Читать книгу Учебник рисования - Максим Кантор - Страница 6
Часть первая
Глава 4
ОглавлениеI
Когда мальчики гуляли на пустыре, они снимали с себя пионерские галстуки, комкали их и засовывали в портфели. Они делали так не потому, что презирали советские порядки – к тому времени советские порядки уже умерли, пионерская организация доживала последние дни. Просто без пионерских галстуков мальчики казались себе взрослыми. Пустырь начинался сразу за школьным двором; мальчики после занятий вылезали через дыру в заборе и шли по заросшему репейником пространству. Они говорили, как взрослые, не перебивали друг друга и внимательно слушали. Эти мальчики много читали и, как бывает с детьми, верили во все, что написано.
– Ты патриот? – спросил один. Слово «патриот» прозвучало как оскорбление. В те годы «патриотами» именовали себя те, кто не хотел двигаться к западному прогрессу. Все свободомыслящие люди называли людей косных «патриотами».

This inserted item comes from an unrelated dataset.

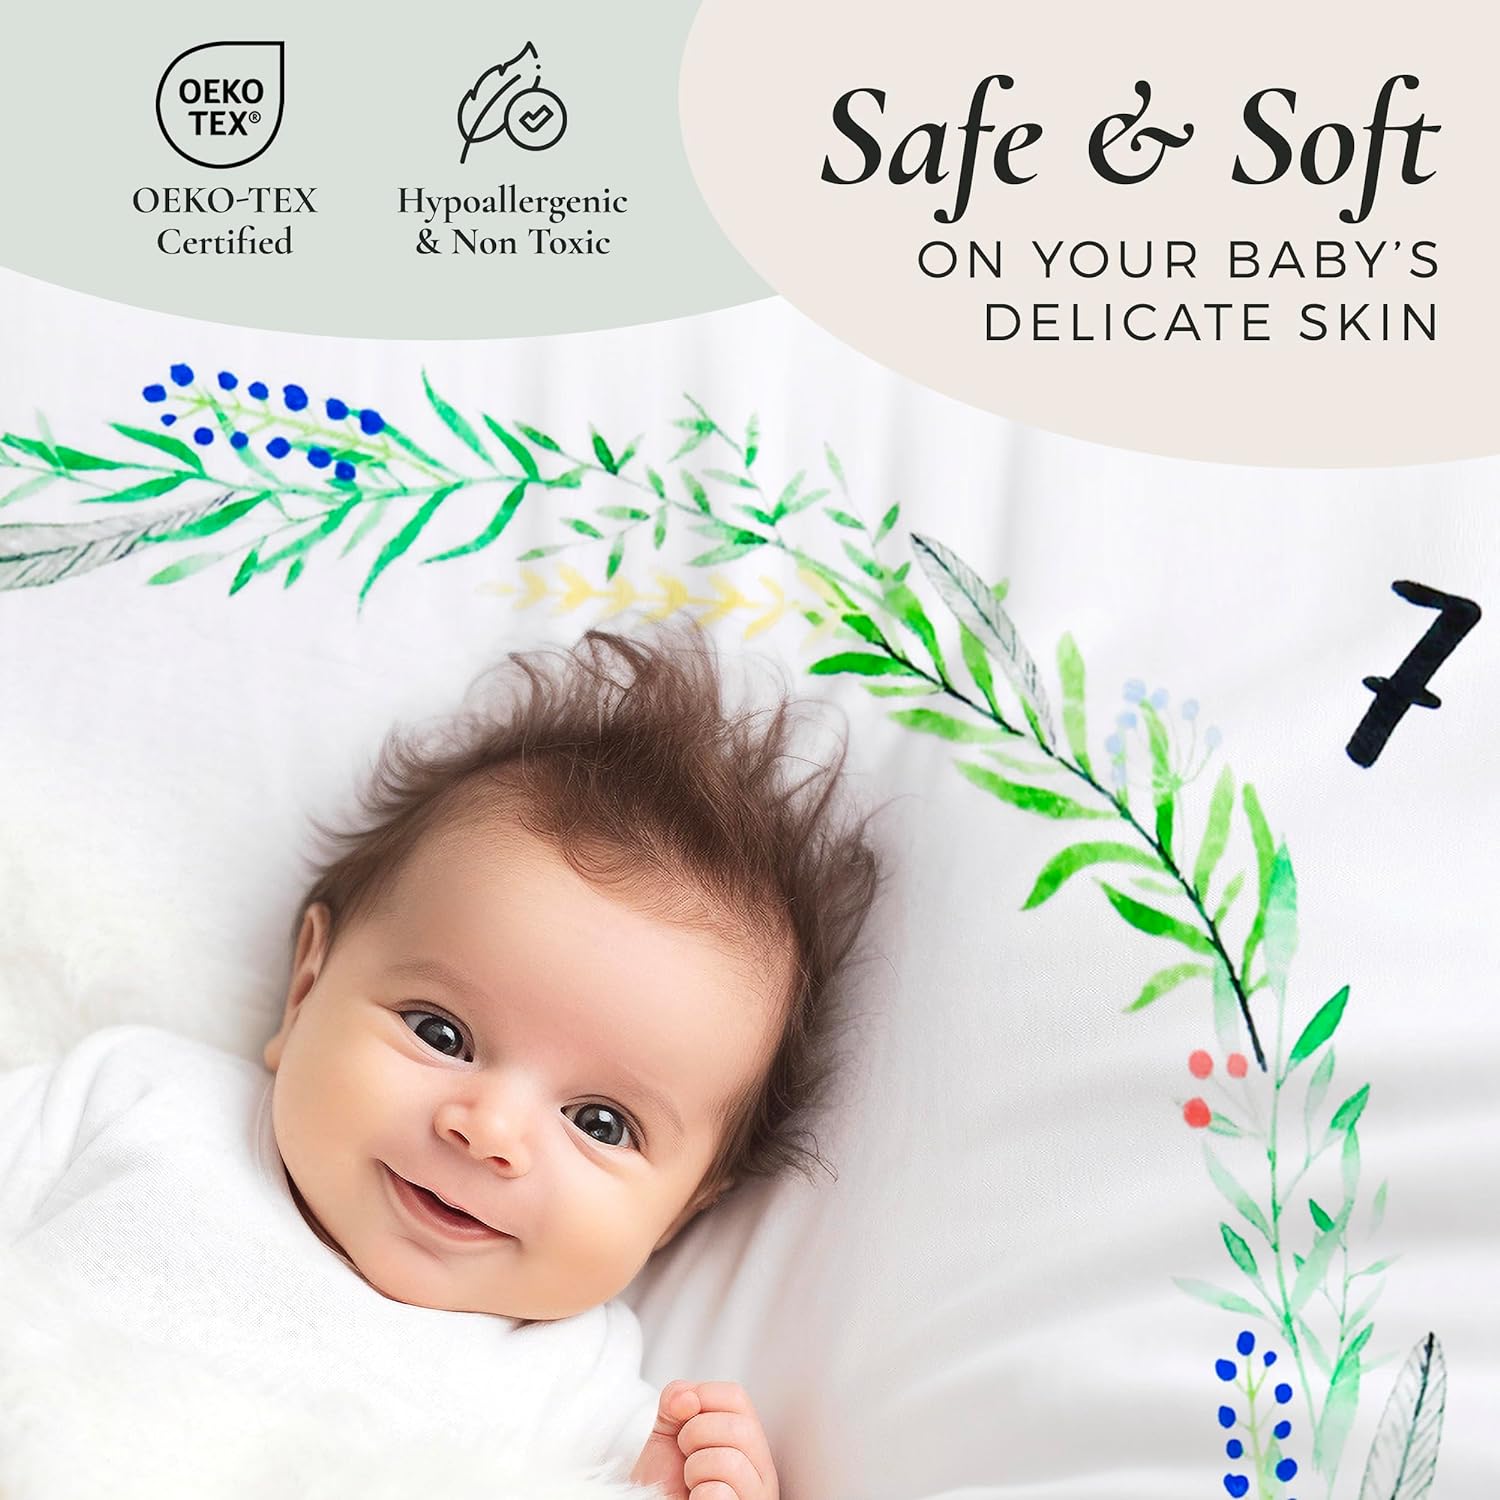 Bloom & Bear Monthly Baby Milestone Blanket and Milestone Card Set

– Я считаю, что мы три раза спасли мир, вот и все.
– Кто это – мы?
– Русские, понятно кто.
– Мы спасли мир? Мы его замусорили! – и мальчик поддал ногой консервную банку.
– Три раза спасли, зачем спорить.
– Русские спасли мир! Это лагерями, да?
– Нет, не лагерями, а русскими солдатами.
– Когда же это? – горячился мальчик. – От кого же это? – два раза он про себя насчитал, вернее, понял, что имеет в виду собеседник, а третий в голову не шел.
– Татары, французы, немцы.
– Ты с ума сошел? От Наполеона, что ли, спасли?
– От Наполеона!
– А зачем было от него спасать? Нечего сказать, удружили! Он герой, гений!
– Хорош гений, полмира кровью залил.
– Он свободу нес! Демократию! Прогресс! Крепостное право отменить хотел!
– Москву сжег, спасибо за такой прогресс.
– Москву сами русские сожгли! Наполеон бы этого не допустил. Если хочешь знать, он собственноручно расстреливал мародеров.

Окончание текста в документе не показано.